Here was huge Victorian bombast in the middle of the most decadent port in the Orient. They were made out of brown granite with a sort of sturdy West European functionality that featured domes, collonnades and statues almost as afterthoughts. One after the other was an art deco treasure housing such esteemed companies as 'The China Merchants Seaship Company", "The Agricultural Bank of China" and the "Shanghai Gold Exchange". The red flag of the peoples republic now flutters above each of the buildings. But things are becoming full circle again. Buildings that have been ignored during the fifty plus years of communist management are now being rented out to international companies. Restaurants are springing up along the 'Bund' catering for tourists and business travellers alike, and "old companies" like Jardine-Mathieson are asking for their property back. But for now its a nice place to wander and enjoy the crowds of domestic tourists before heading across the zebra crossings to the promenade.
Just off the 'Bund' is Nanjing Lu, and "Nanking Road" must be seen at night. The sheer exuberance and nightly light show were my favourite thing to do in Shanghai. And an evening wander from 'The Bund' to Renmin Square was like traversing an oriental Piccadilly Circus. Each building was covered in 10ft high Chinese characters moving and pulsating in a myriad of colours.
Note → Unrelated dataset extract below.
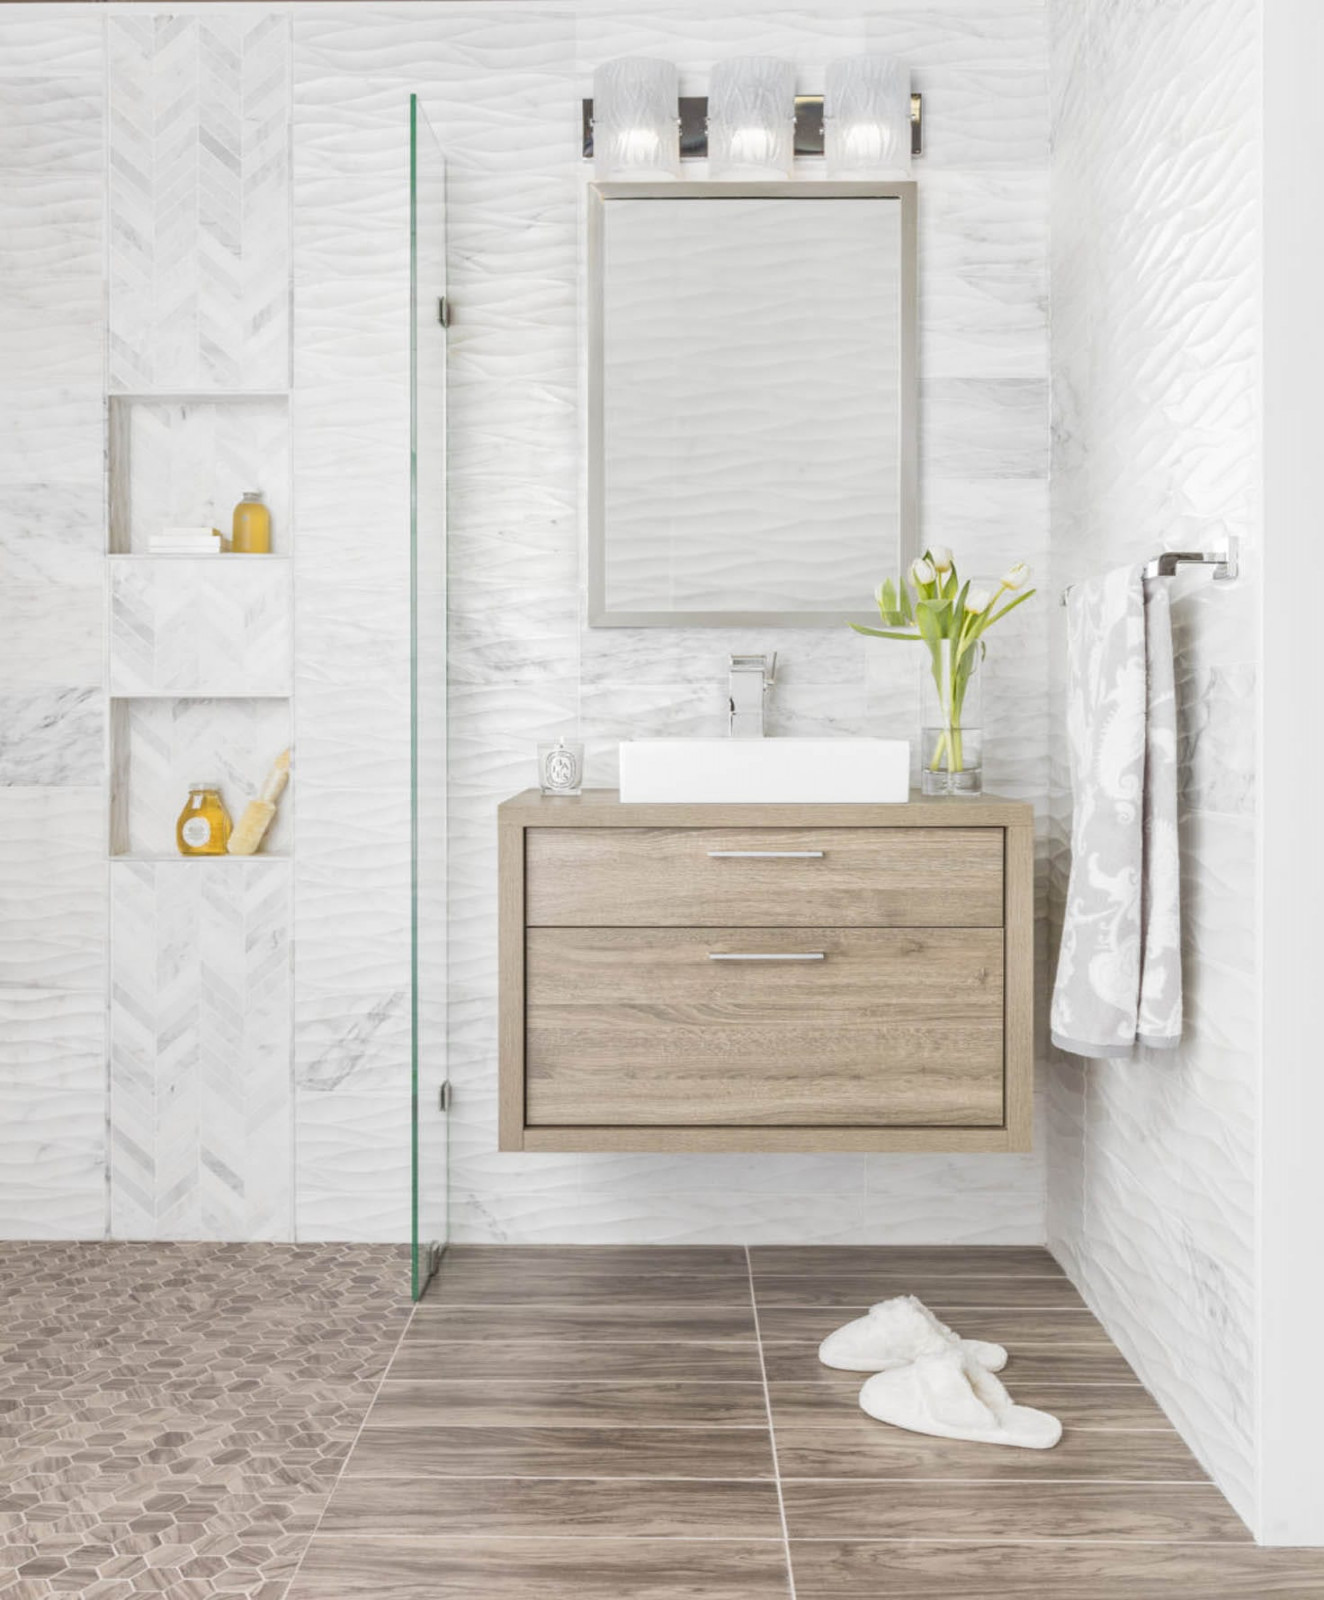 Tried-and-True Wall and Floor Tile Combinations - The Tile Shop Blog

Crowds rush too and thro and lasers light up one end of the street to the other. And all this in Communist China? You have to pinch yourself that it is real.
But what is definitely real is the last remaining part of Old Shanghai. - Yu Yuan gardens. The Yu Yuan gardens and bazaar take you to an era of humpbacked bridges, goldfish filled ponds and drooping willows. The China of Marco Polo and Kublai Khan. Sprinkled amongst the compounds are about thirty pavilions, lakes, pagodas, bridges etc. Everything is laid out like a work of art. The first few compounds had rockeries of white limestone and were made interesting by water trickling down to a set of ponds. Bamboo groves dotted each rockerie as did firs and chrysanthemums, statues of ancient Chinese gods reared up from the flower beds, dragons snaked sinuously around the compound walls and stone snarling lions guarded each exit.
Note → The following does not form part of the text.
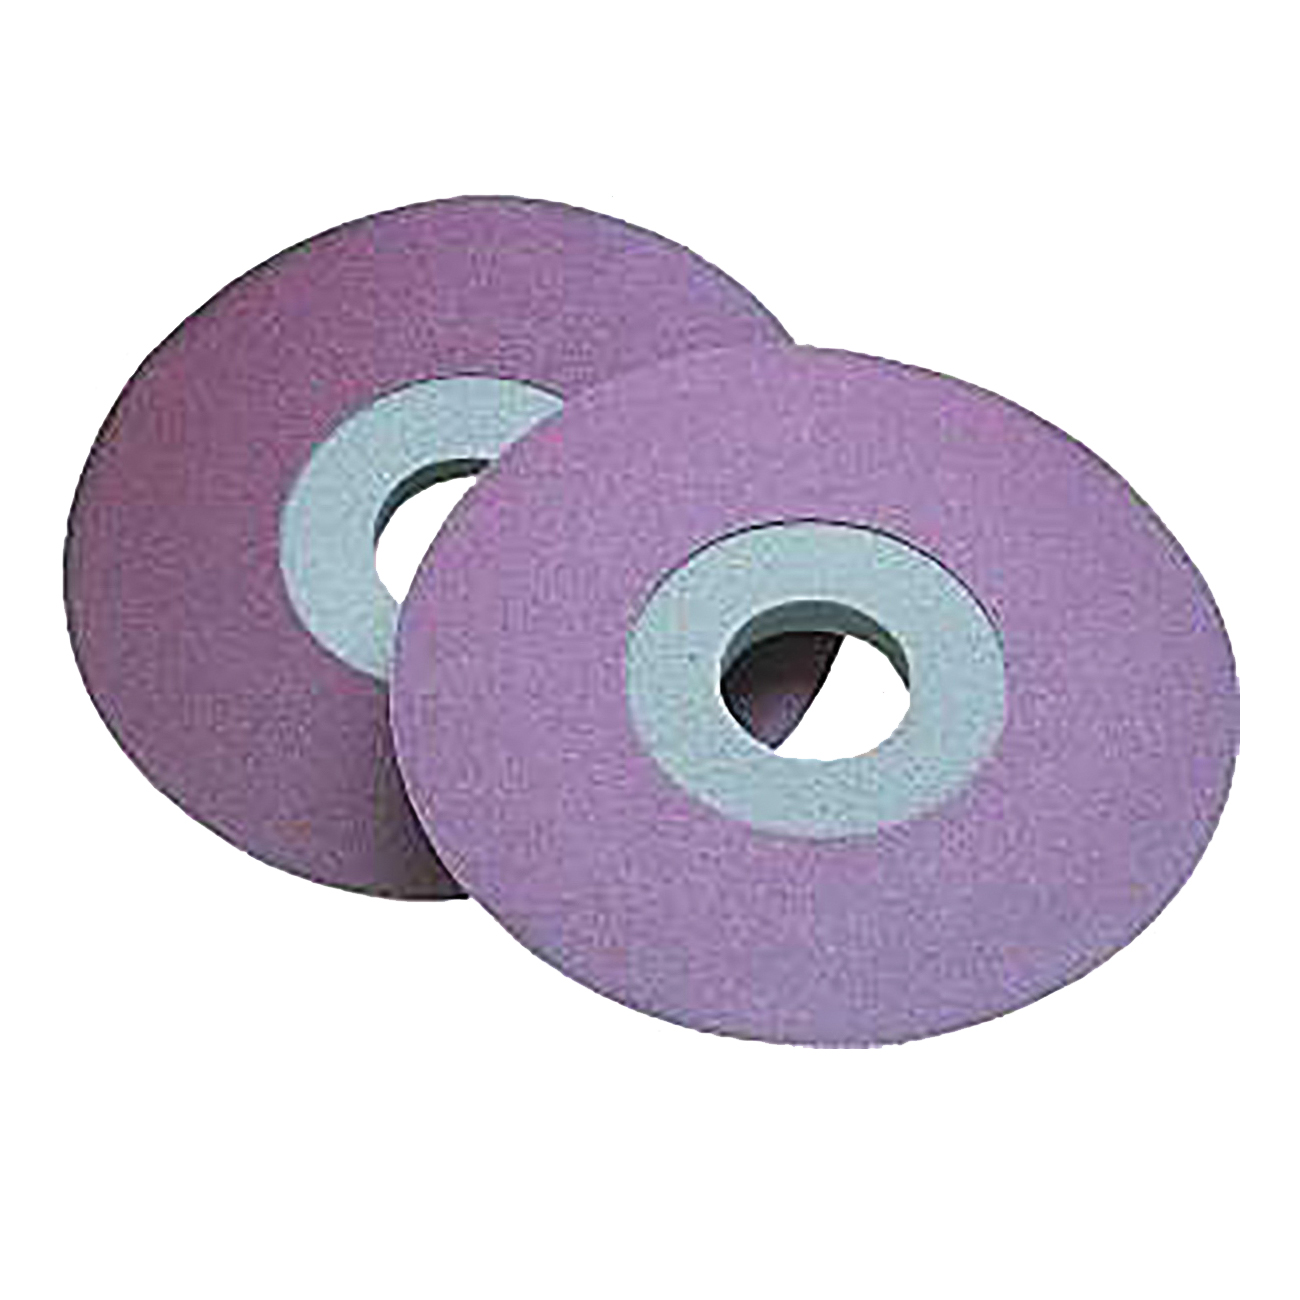 Porter-Cable 77085 Drywall Sanding Pad with Abrasive Disc, 9 in Dia, 5/8 in Arbor, 80 Grit, Coarse, Foam Backing

Rock was the overwhelming feature of the gardens, with some pieces so big they incoorporated passages that led you Narnia-like to hidden pavilions where watercolour artists were at work. But the overwhelming feeling was of peace and tranquility, everytime you stepped into another compound you were embraced by a scene showing willow brushed ponds crossed by arced bridges full of koi carp. Or a pagoda soaring into the air from a clump of bamboo..
All this a five minute walk to the bright lights of Nanjing Lu and the lit up buildings of 'Bund'. Shanghai is an everchanging city. But some of the more aesthetic aspects of China remain the same.
Further Information
Travel tips: Change up money at airport as in town it is very bureaucratic or use a cashpoint. Taxi drivers do tend to target tourists and when someone speaks to you they are not always after something but genuinely want to practice their english
Must see/do at this place: Nanjing Lu is a great experience at night and a good way to enjoy China. Pudong from the promenade is lit up at night for a free show.
You should avoid here: You may be approached by prostitutes down Nanjing Lu at night. Particularly if you are single, male and foreign.